▶ TASK INSTRUCTIONS
Set down each line of the material that follows, exactly, with no pictures.

▶ DATA BLOCK
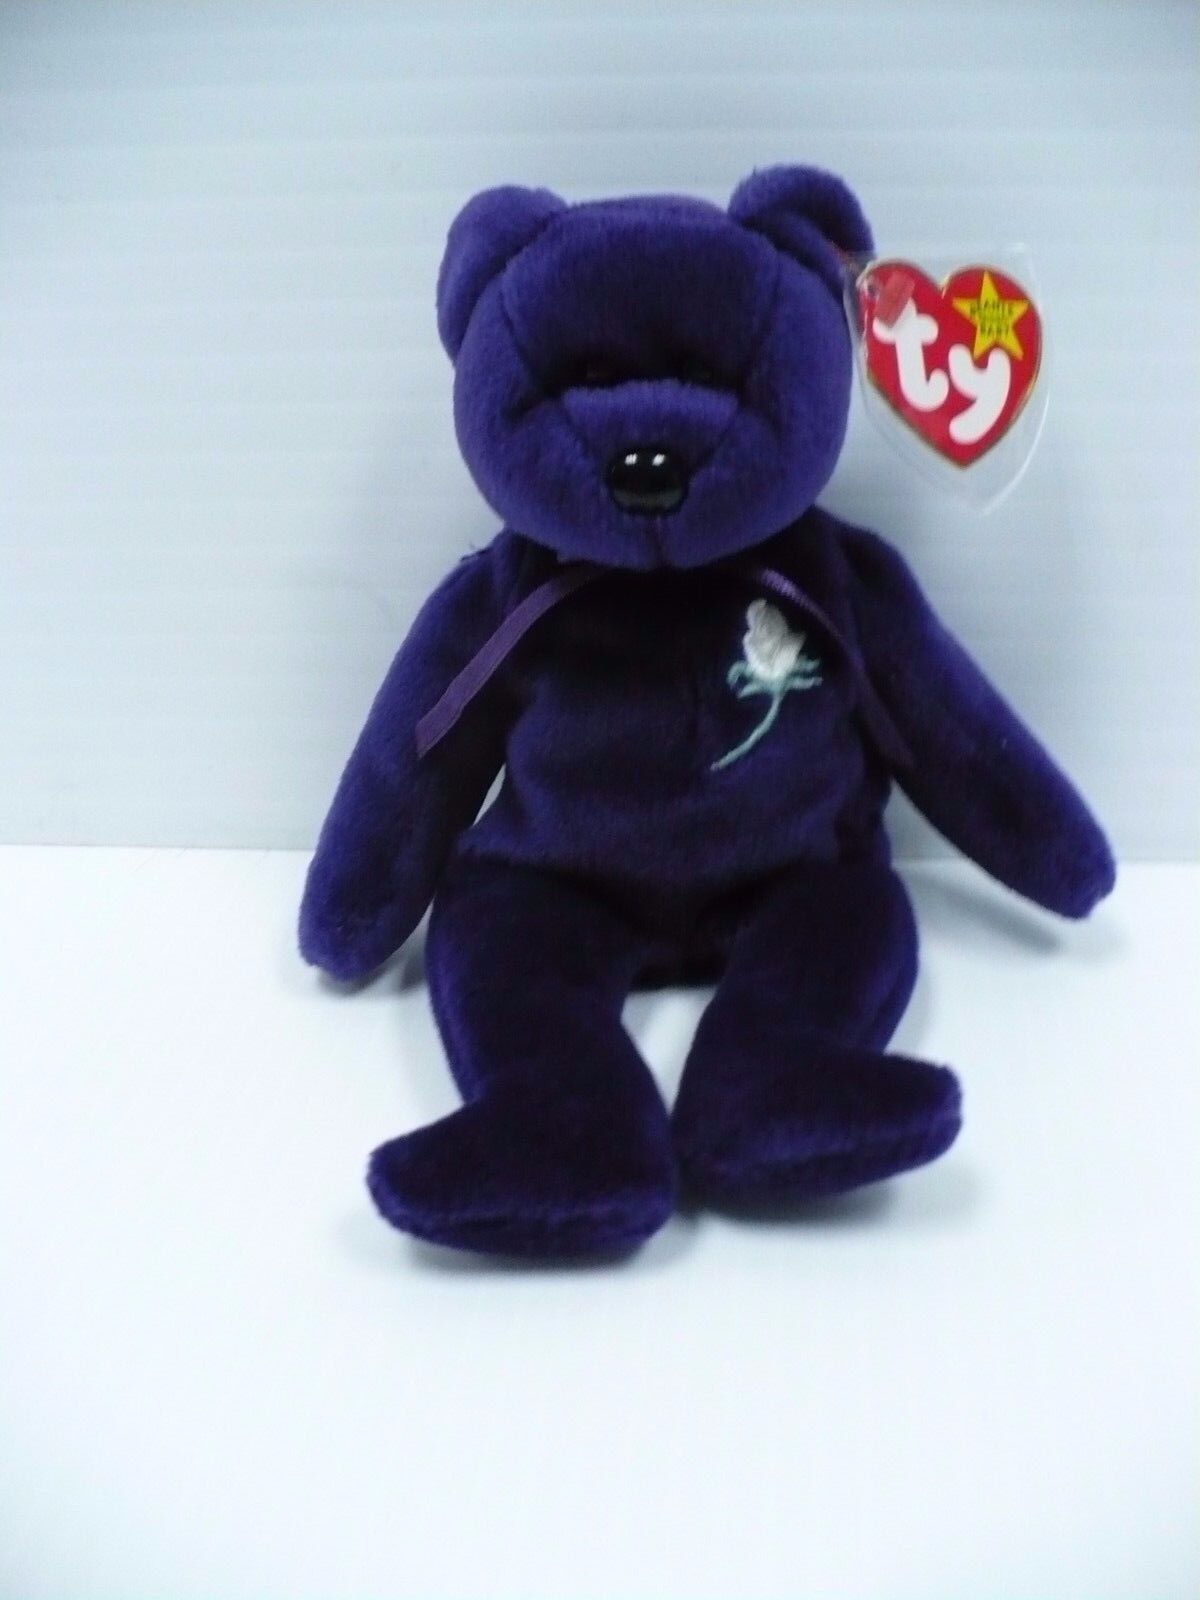 Beanie baby im ruhestand 1997 prinzessin diana beanie baby
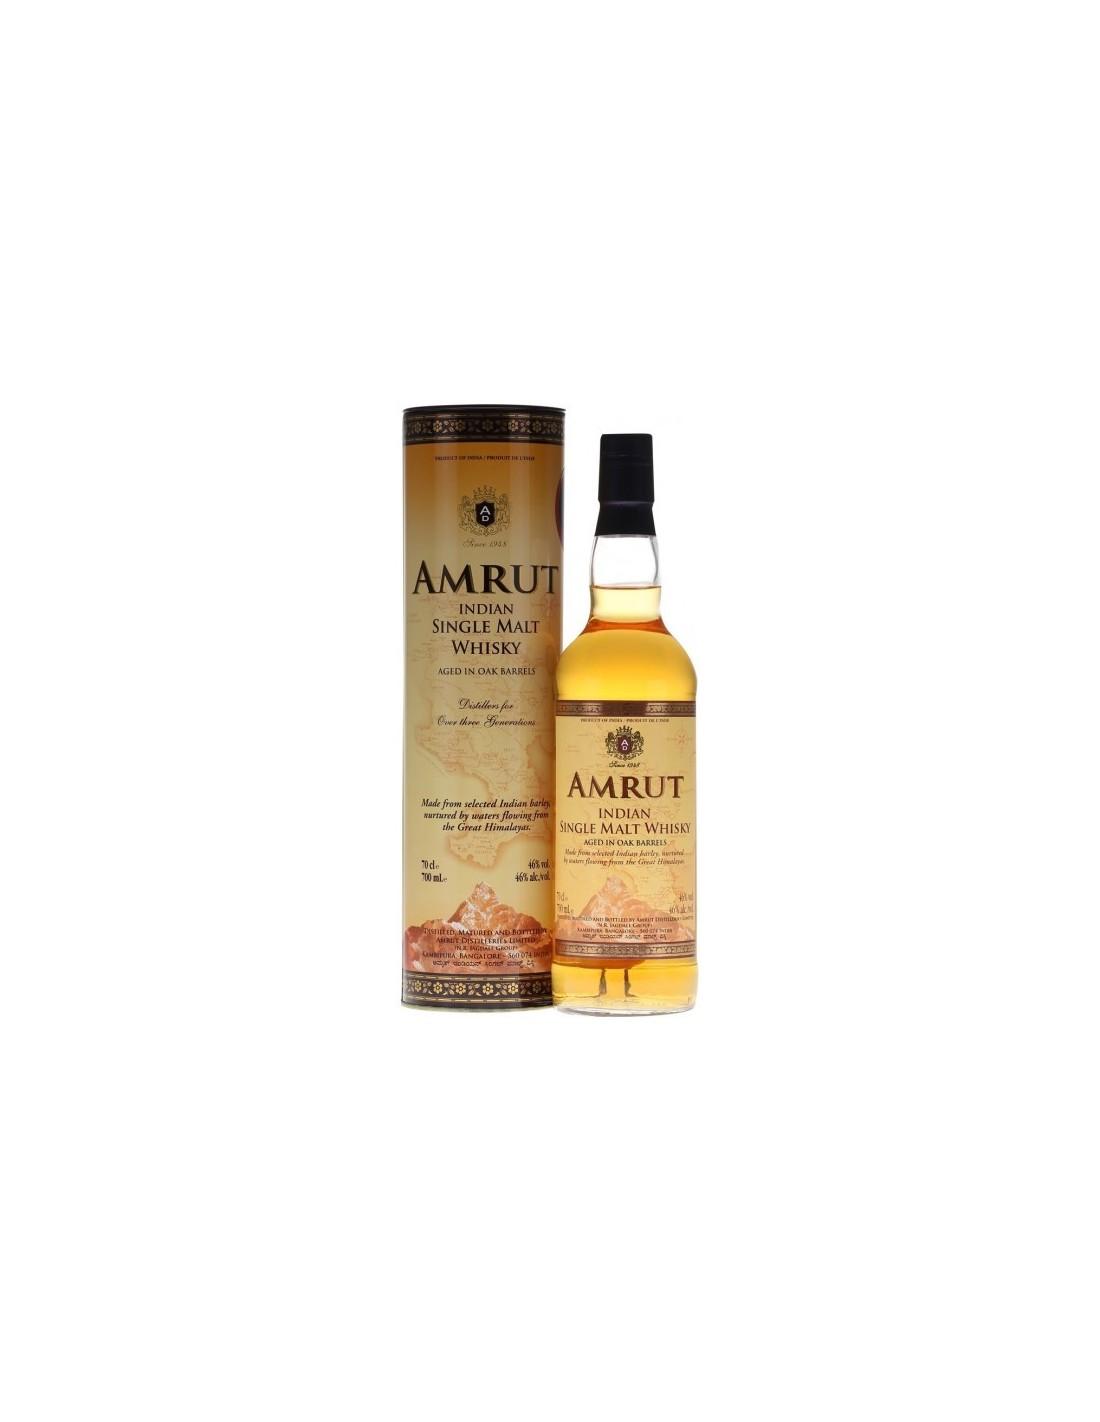 Whisky Amrut Indian Single Malt, 46% alc., 0.7L, India
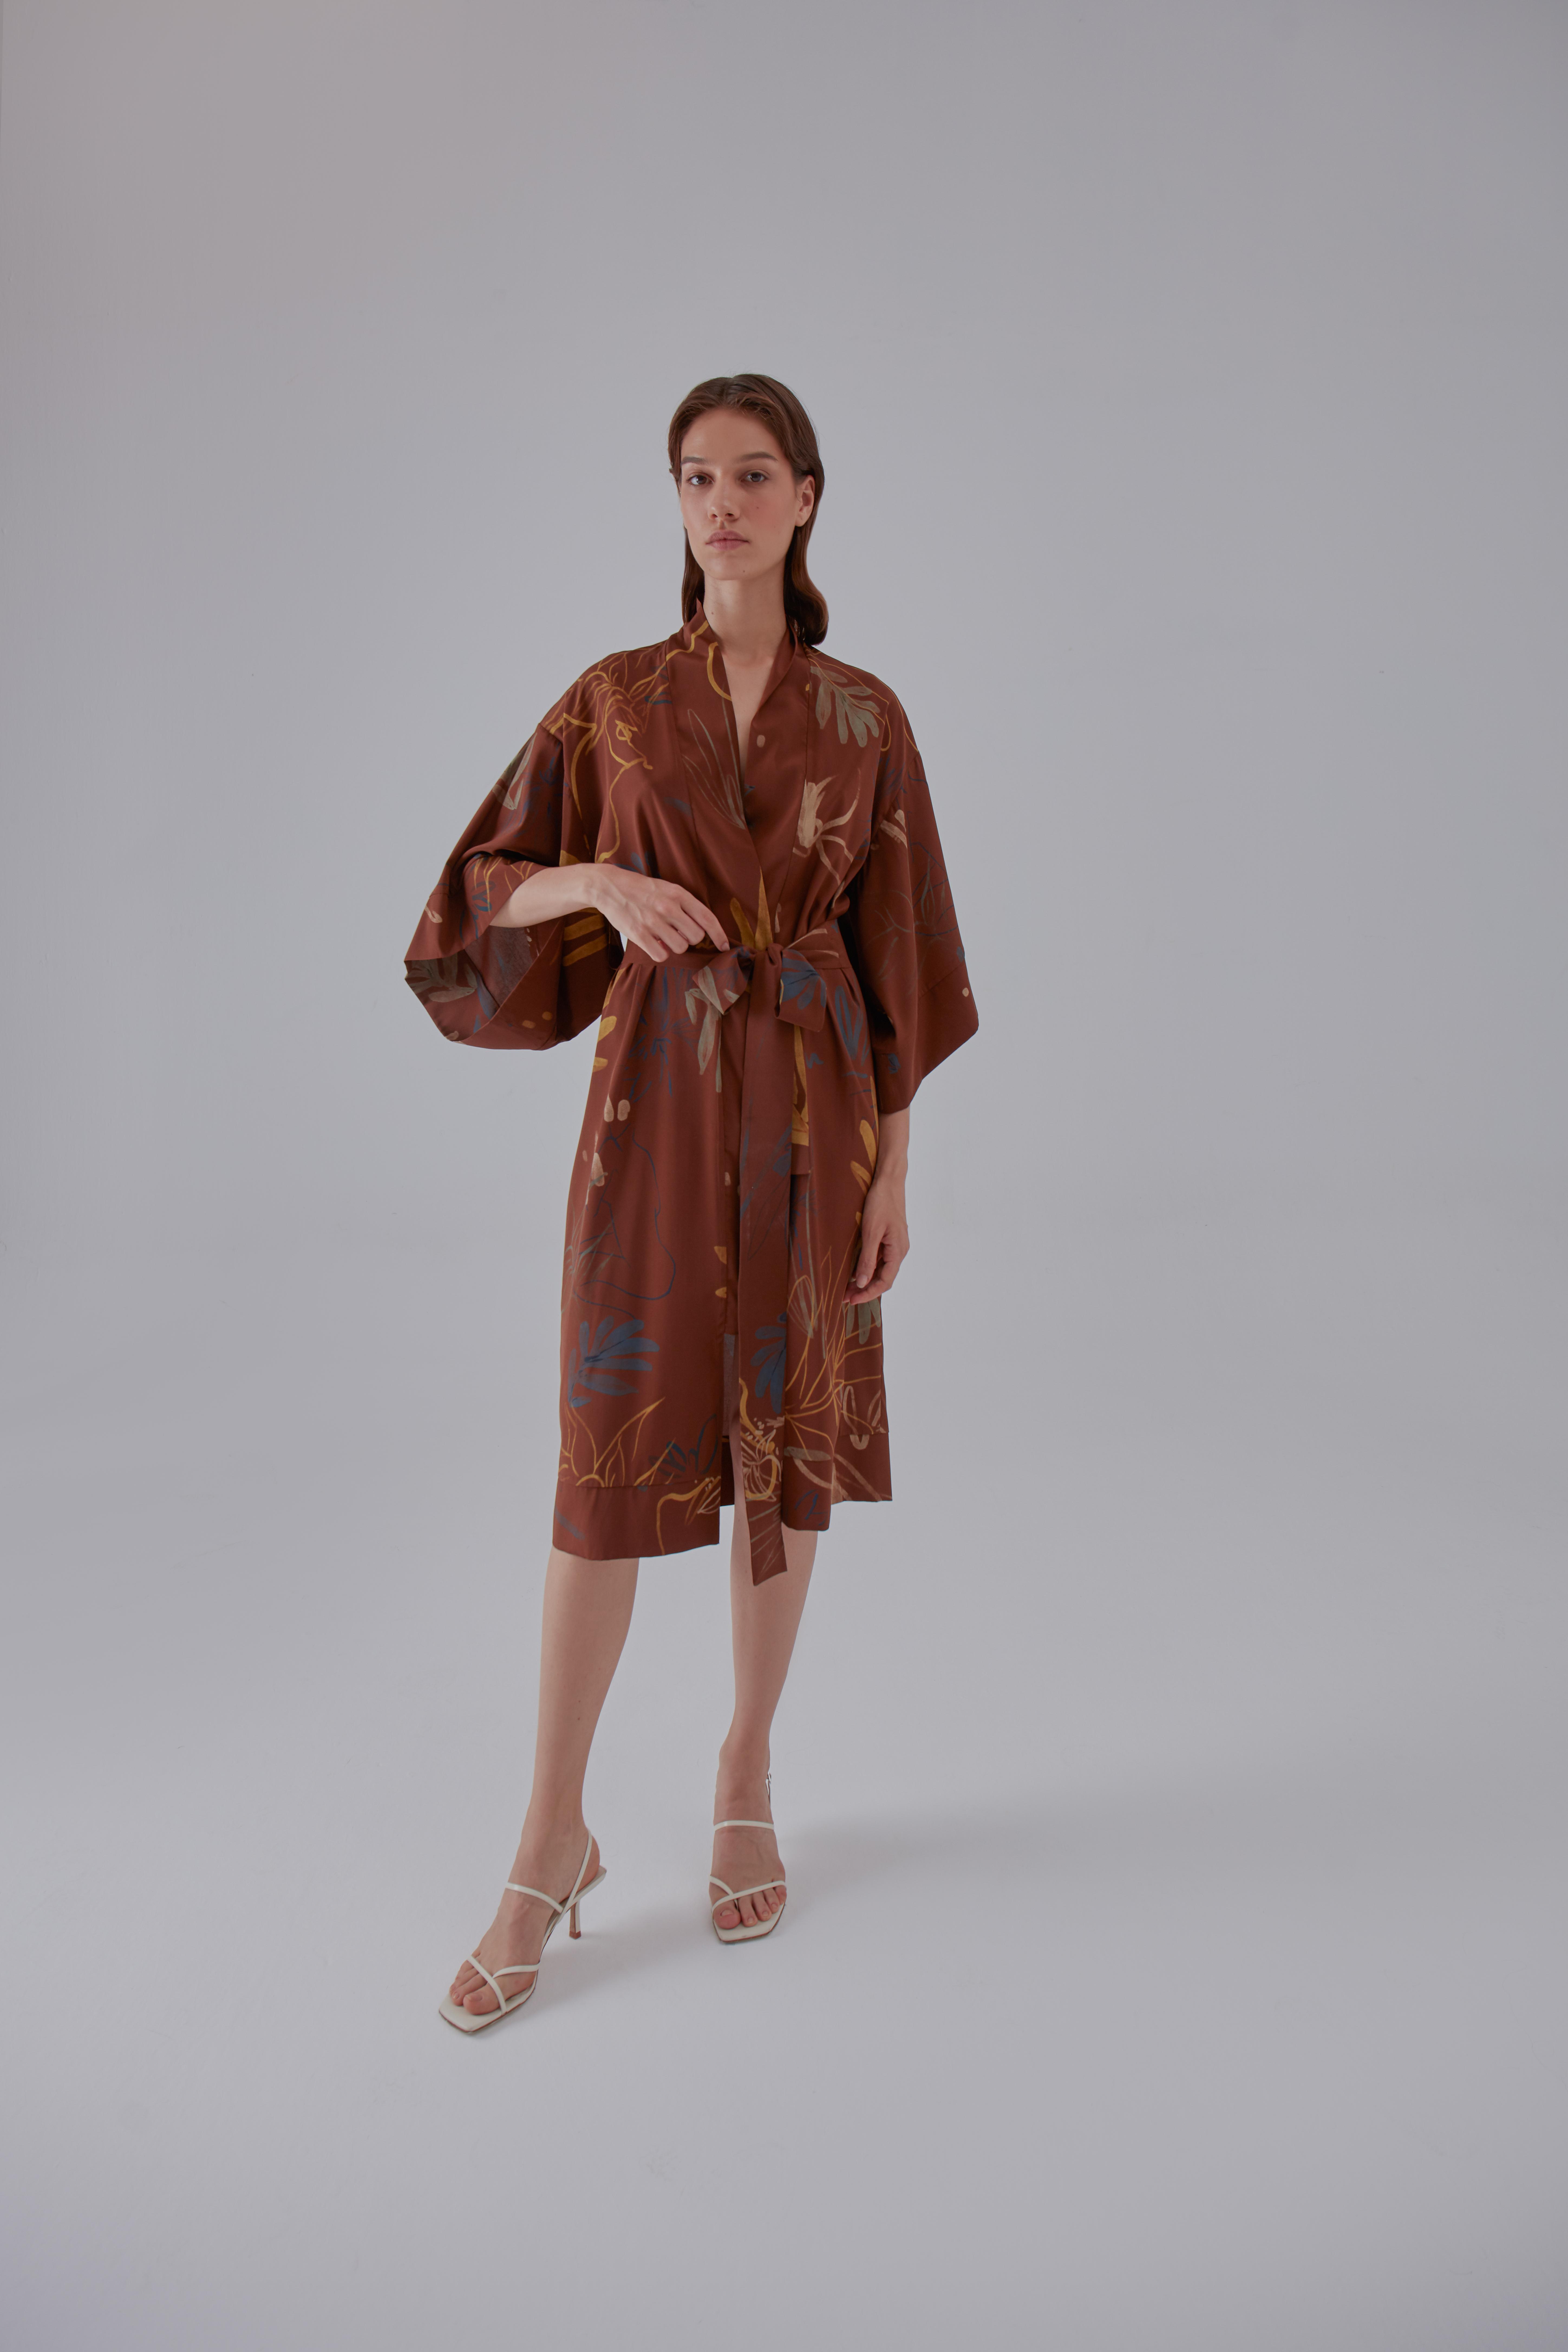 Yoko Kimono - Brown by Laika on curated-crowd.com

▶ EXERCISE RESPONSE
 Beanie baby im ruhestand 1997 prinzessin diana beanie baby
 Whisky Amrut Indian Single Malt, 46% alc., 0.7L, India
 Yoko Kimono - Brown by Laika on curated-crowd.com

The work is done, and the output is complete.